Голос ее мелодичен, но он и страшен. Он звучит в испуганном сердце негра подобно проклятию в лесу. Папироса потухла, он не осмеливается зажечь спичку, чтобы не разбудить лесных призраков. Только теперь он подумал о них, потому что лицо доны Терезы, вырисовывающееся на земле, конечно, колдовство.

Дамиан знает, что родственники людей, которых он убил, посылали по его адресу в минуту страдания и ненависти страшные проклятия. Но то были далекие проклятия, Дамиан знал о них лишь понаслышке. Тут другое дело. Дона Тереза здесь, он видит ее грустные глаза, ее белое лицо, слышит ее мелодичный и страшный голос, проклинающий негра Дамиана. Этот голос спрашивает, не чувствует ли он что-нибудь здесь, внутри, в глубине сердца? Да, чувствует, дона Тереза. Если бы негр Дамиан мог, он не убил бы Фирмо. Но выхода нет, не потому, что он хочет этого, совсем нет…

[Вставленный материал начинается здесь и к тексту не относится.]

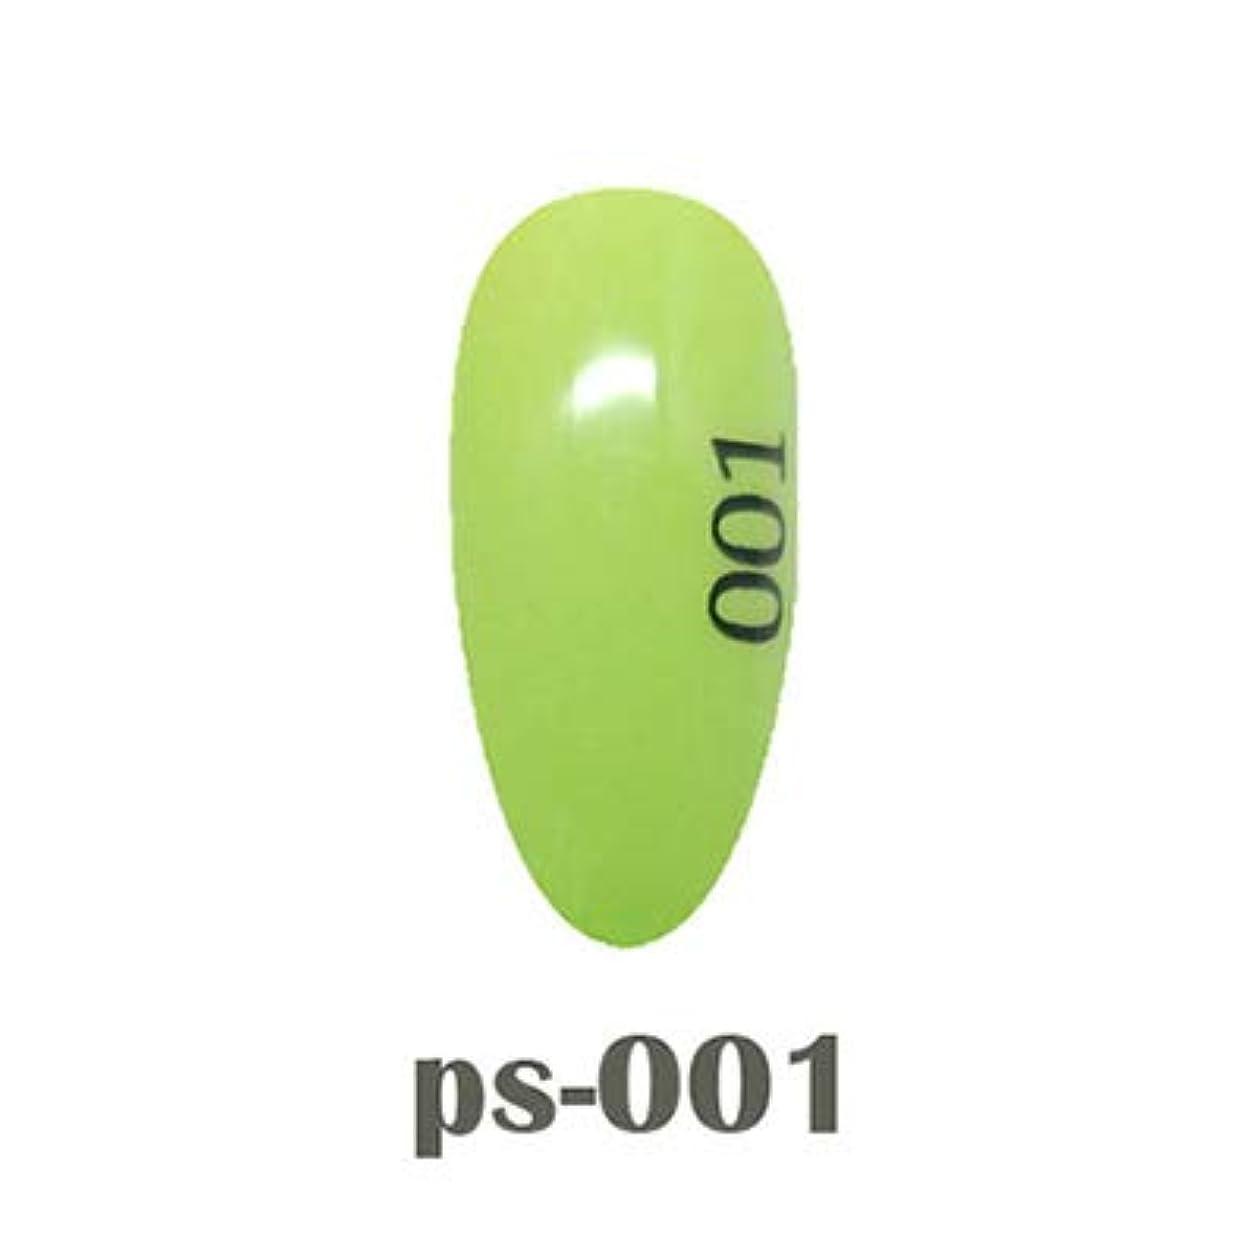 驚いたアプト要求アイスジェル カラージェル ポイントパステルシリーズ PP-001 3g
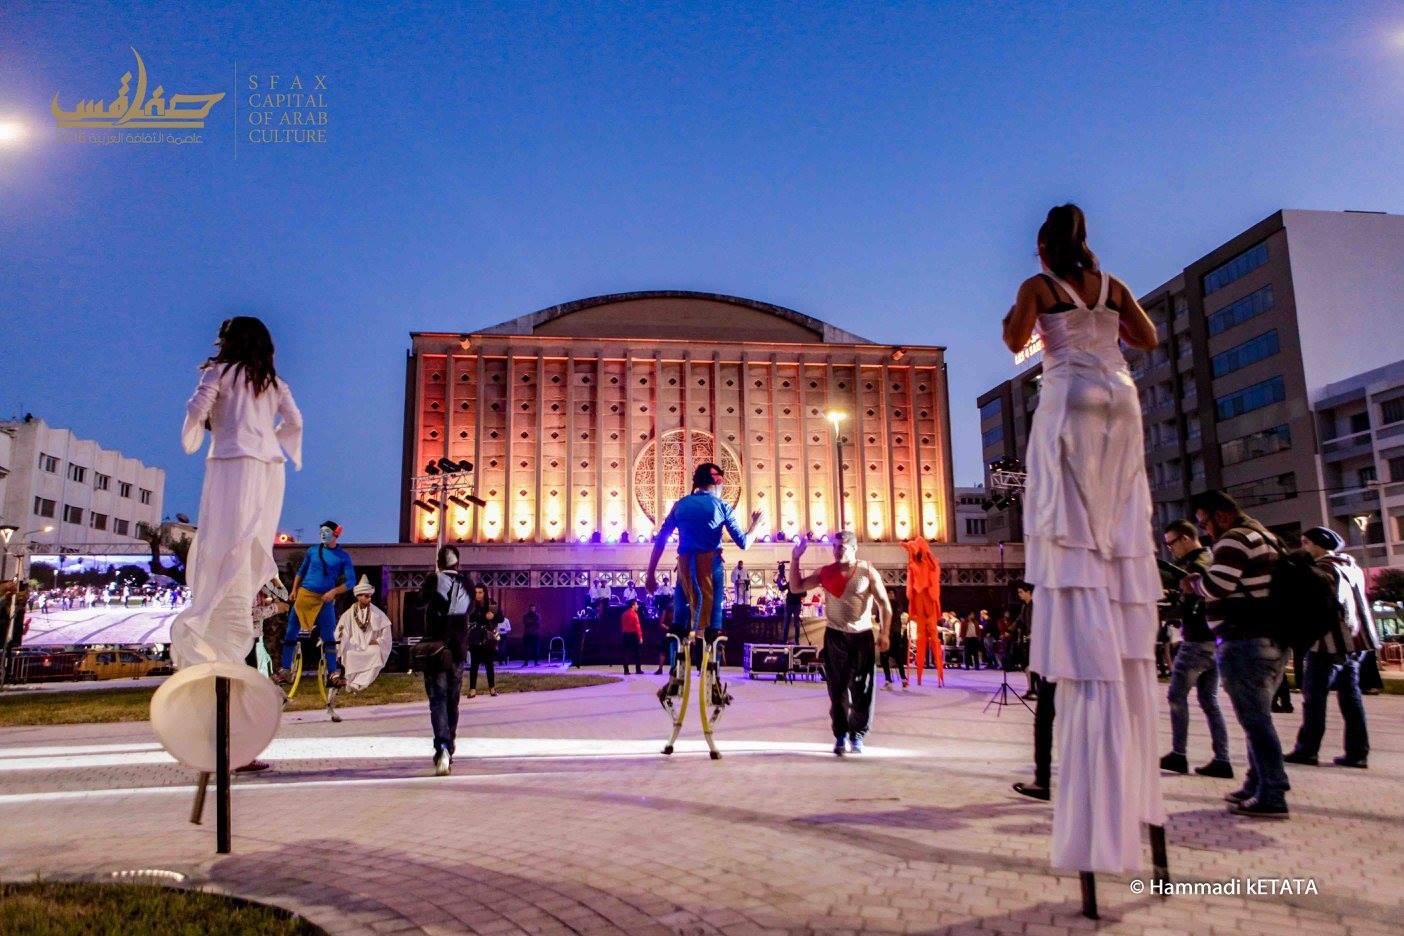 دار الفنون بصفاقس - عاصمة للثقافة العربية - الكنيسة

А что если сказать, будто он промахнулся? Это новая мысль блеснула в мозгу Дамиана. На секунду он увидел лунный свет там, где раньше было лицо доны Терезы. Он бы опозорил себя, ведь жагунсо должен стрелять метко, тем более не может промахнуться негр Дамиан! У него самый меткий глаз во всей округе. Никогда он не тратил двух пуль, чтобы убить одного человека; он всегда обходился одним выстрелом. Он был бы опозорен, все, даже женщины, даже дети стали бы смеяться над ним. Синьо Бадаро возьмет на его место другого, а он станет простым работником, будет собирать какао, погонять ослов, танцевать на баркасах, перемешивая зерна какао, которые сушатся на солнце. Все будут над ним смеяться… Нет, он не может пойти на это. Он не может не оправдать доверия Синьо Бадаро. Полковнику нужно, чтобы Фирмо умер. В этом виноват сам Фирмо: нельзя быть таким упрямым.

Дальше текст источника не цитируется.